Итак, если моя крошка не перестанет в ближайшее время орать, я подумаю, не начать ли мне кормить ее грудью. Если это сделает ее счастливой, я смирюсь с растрескавшимися сосками, обвисшей грудью и усмехающимися тринадцатилетними подростками, пытающимися заглянуть мне за шиворот в автобусе.
Джуди, я и малышка приехали домой. Я открыла дверь, и, хотя Джеймс предупредил меня, что забрал вещи, я оказалась не готовой обнаружить отсутствие его дезодоранта и крема для бритья в ванной комнате, опустевший шкаф и пробелы на полках с книгами.
Это было ужасно.
Я медленно опустилась на кровать. Подушка все еще пахла Джеймсом. Мне так его не хватало!
— Поверить не могу, — плача, призналась я Джуди. — Его и в самом деле нет.
Девочка начала плакать, будто тоже ощутила пустоту. А ведь она перестала реветь всего пять минут назад. Бедняга Джуди совсем растерялась, не зная, кого из нас утешать.
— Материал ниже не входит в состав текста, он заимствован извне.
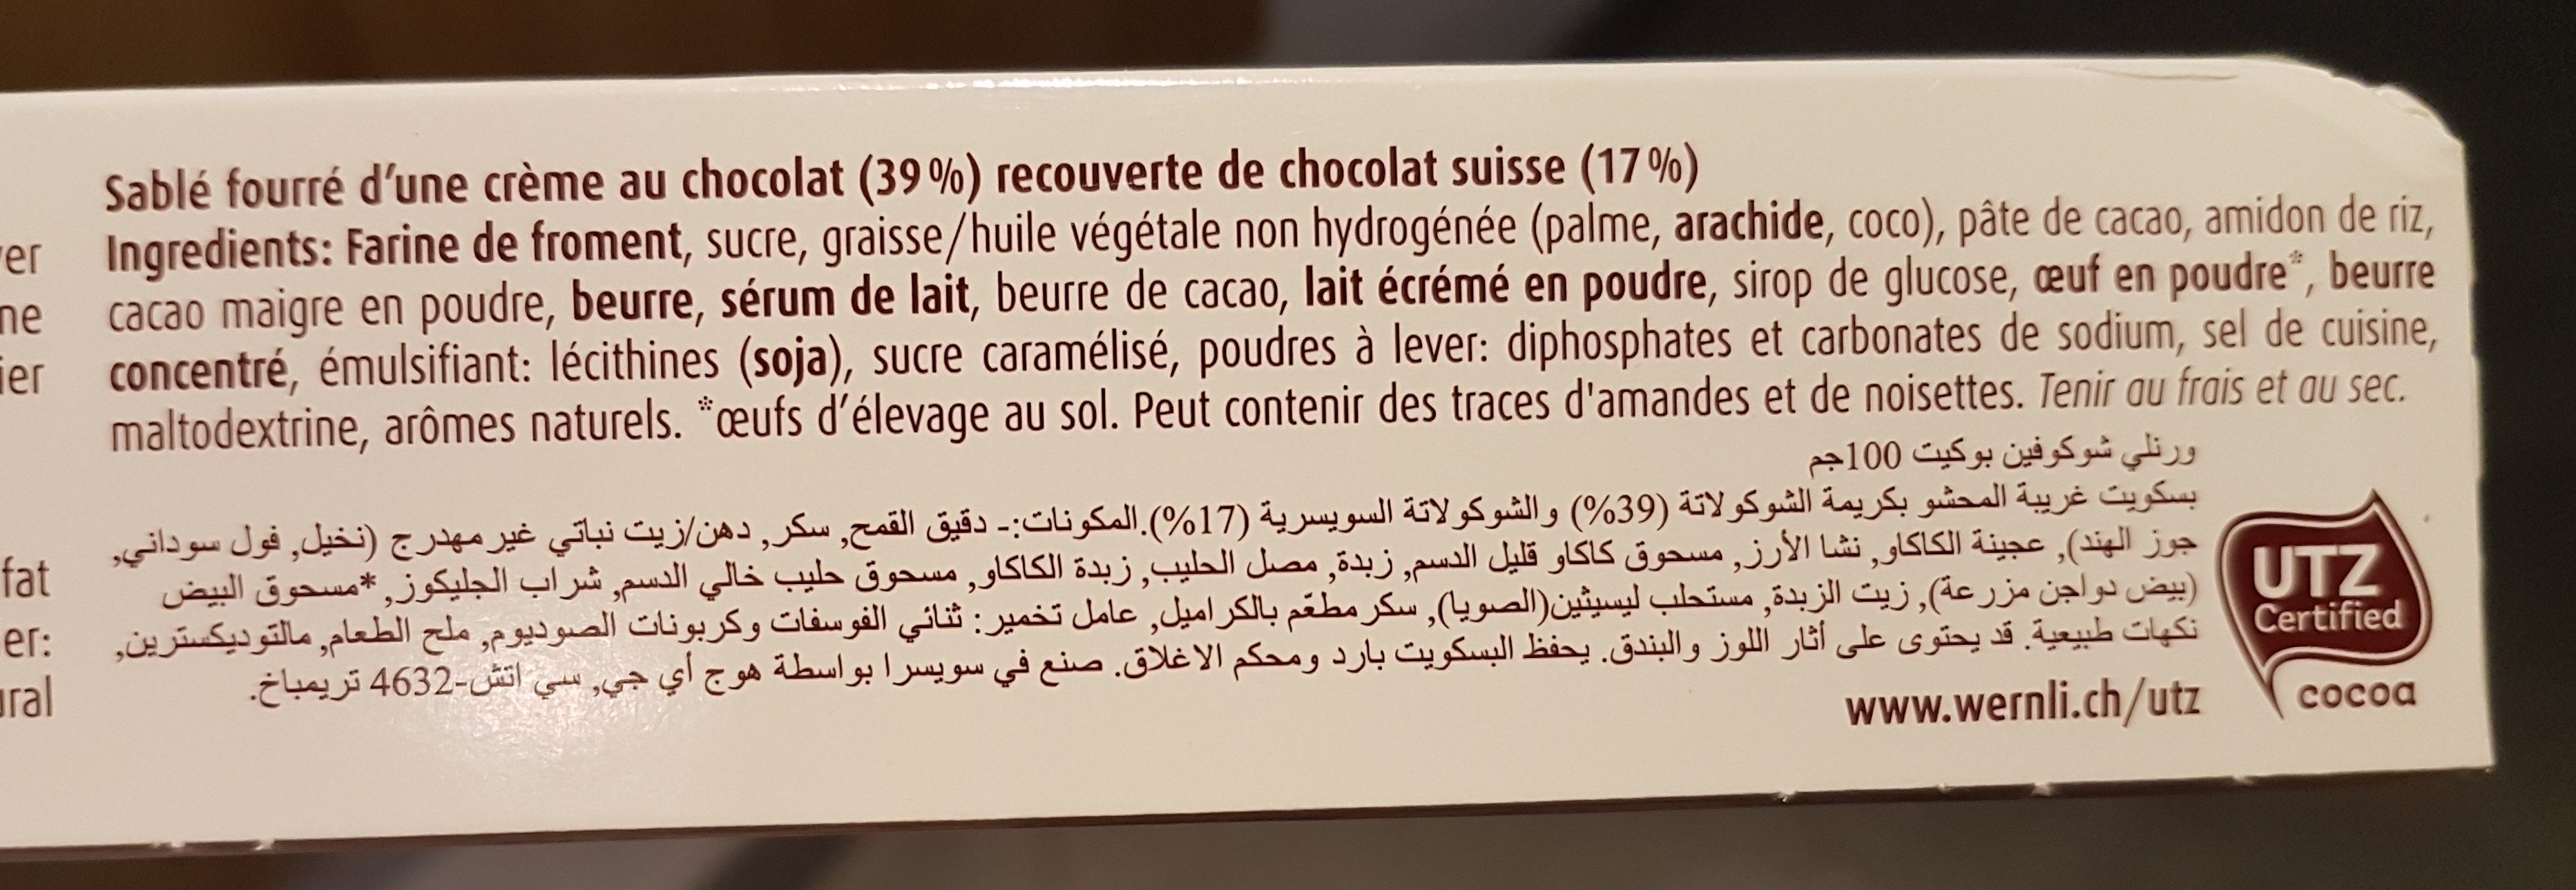 Wernli Biscuit Chocofin 100 Gr - Ingredients - fr

Немного погодя я перестала плакать и повернула залитое слезами лицо к Джуди.
— Ладно, — сказала я, — начну собирать вещи.
— Вот и хорошо, — прошептала она, все еще покачивая меня вместе с ребенком в своих объятиях.
Я принялась швырять в чемодан все, что, по моему мнению, могло мне понадобиться. Я собралась взять с собой гору памперсов размером с небольшой Эверест, но Джуди отговорила меня, мягко напомнив, что их можно купить и в Дублине. Я кинула в чемодан детские бутылочки, подогреватель для бутылочек с изображением коровы, перепрыгивающей через луну, ползунки, одеяла, погремушки, носочки размером с почтовую марку — то есть все, что необходимо (так я считала) моему ребенку-безотцовщине.
Теперь, когда я стала матерью-одиночкой, я явно чересчур усердствовала. «Прости, моя дорогая, я лишила тебя отца, потому что оказалась недостаточно умной или красивой, чтобы удержать его, но я постараюсь, чтобы ты ни в чем не нуждалась».